Background: We aimed to treat patients with chronic hepatitis B on long-term treatment with lamivudine who developed lamivudine-resistant hepatitis B virus (HBV) mutants along with clinical relapses.
Methods: Of 217 patients with chronic hepatitis B who had been treated with lamivudine for 1-6 years, 23 (11%) developed lamivudine-resistant hepatitis B virus (HBV) mutants. Seven of them, including 1 whose case was previously reported, received interferon (IFN) daily for 4 weeks and then two or three times a week thereafter to cope with exacerbation of hepatitis. We investigated the efficacy of this IFN therapy in 6 patients, excluding the 1 previously reported.

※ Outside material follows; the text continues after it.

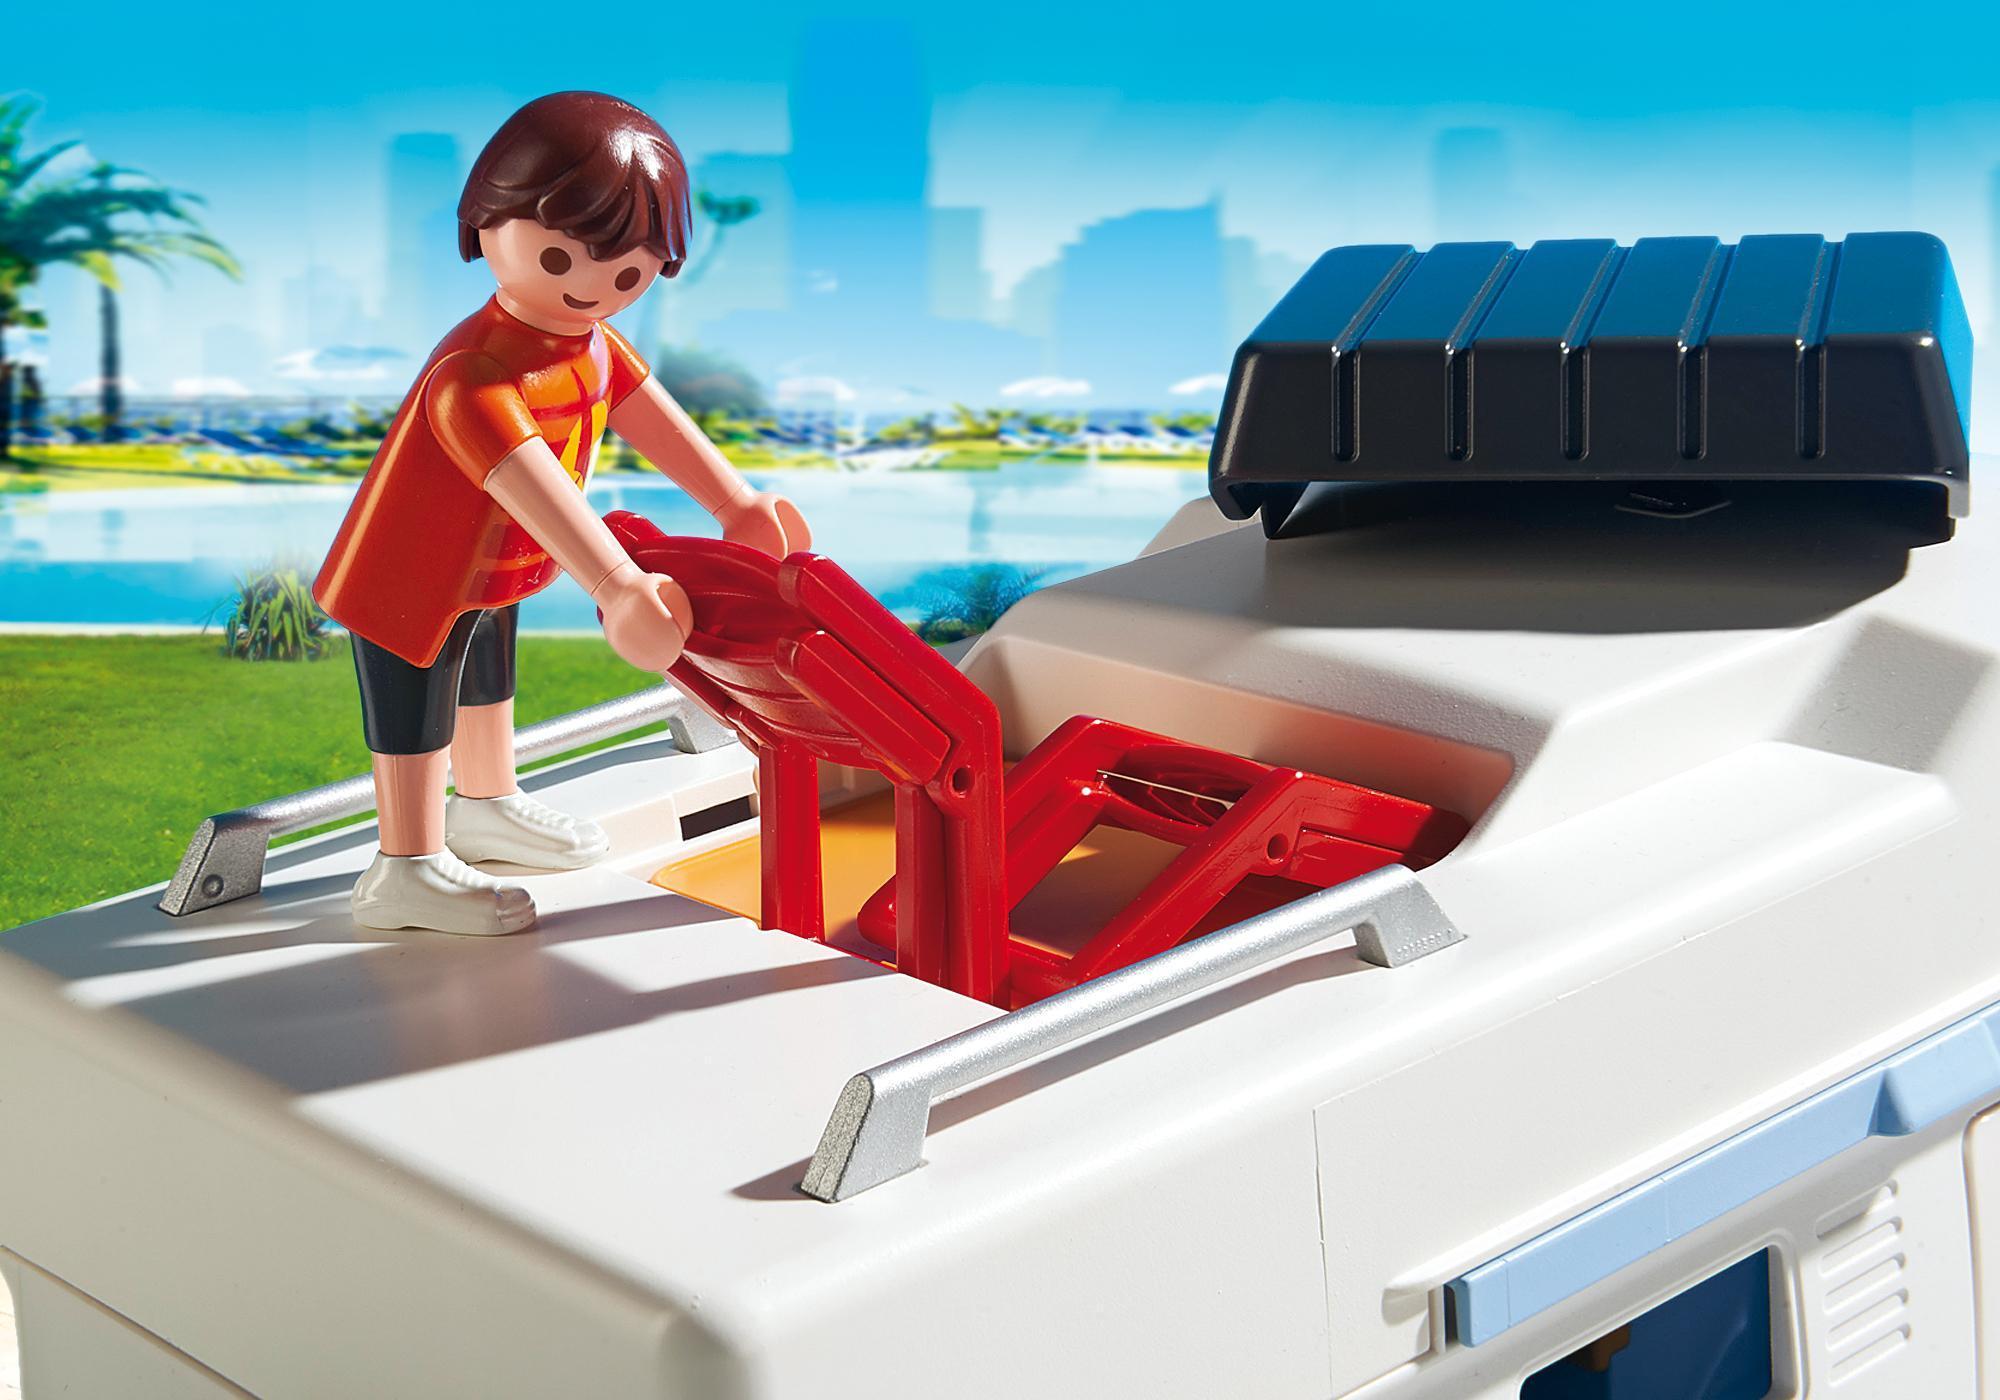 http://media.playmobil.com/i/playmobil/6671_product_extra2

Results: In 4 patients, HBV DNA decreased to below the detectable limit of the branched DNA assay (<0.7 MEq/ml) accompanied by normalization of transaminase levels. During IFN therapy, 2 patients seroconverted to antibody to hepatitis B e antigen (HBeAg) and showed normalized transaminase levels. Interferon was required in 7 of the 111 (6%) patients with chronic hepatitis B who were positive for HBeAg, but in none of the 106 who were positive for antibody to HBeAg ( P = 0.014).
Conclusions: The efficacy of IFN in controlling virological breakthroughs and exacerbation of hepatitis by infection with lamivudine-resistant HBV mutants in patients with HBeAg-positive chronic hepatitis B could enhance the versatility of lamivudine, which may have to be given to them indefinitely.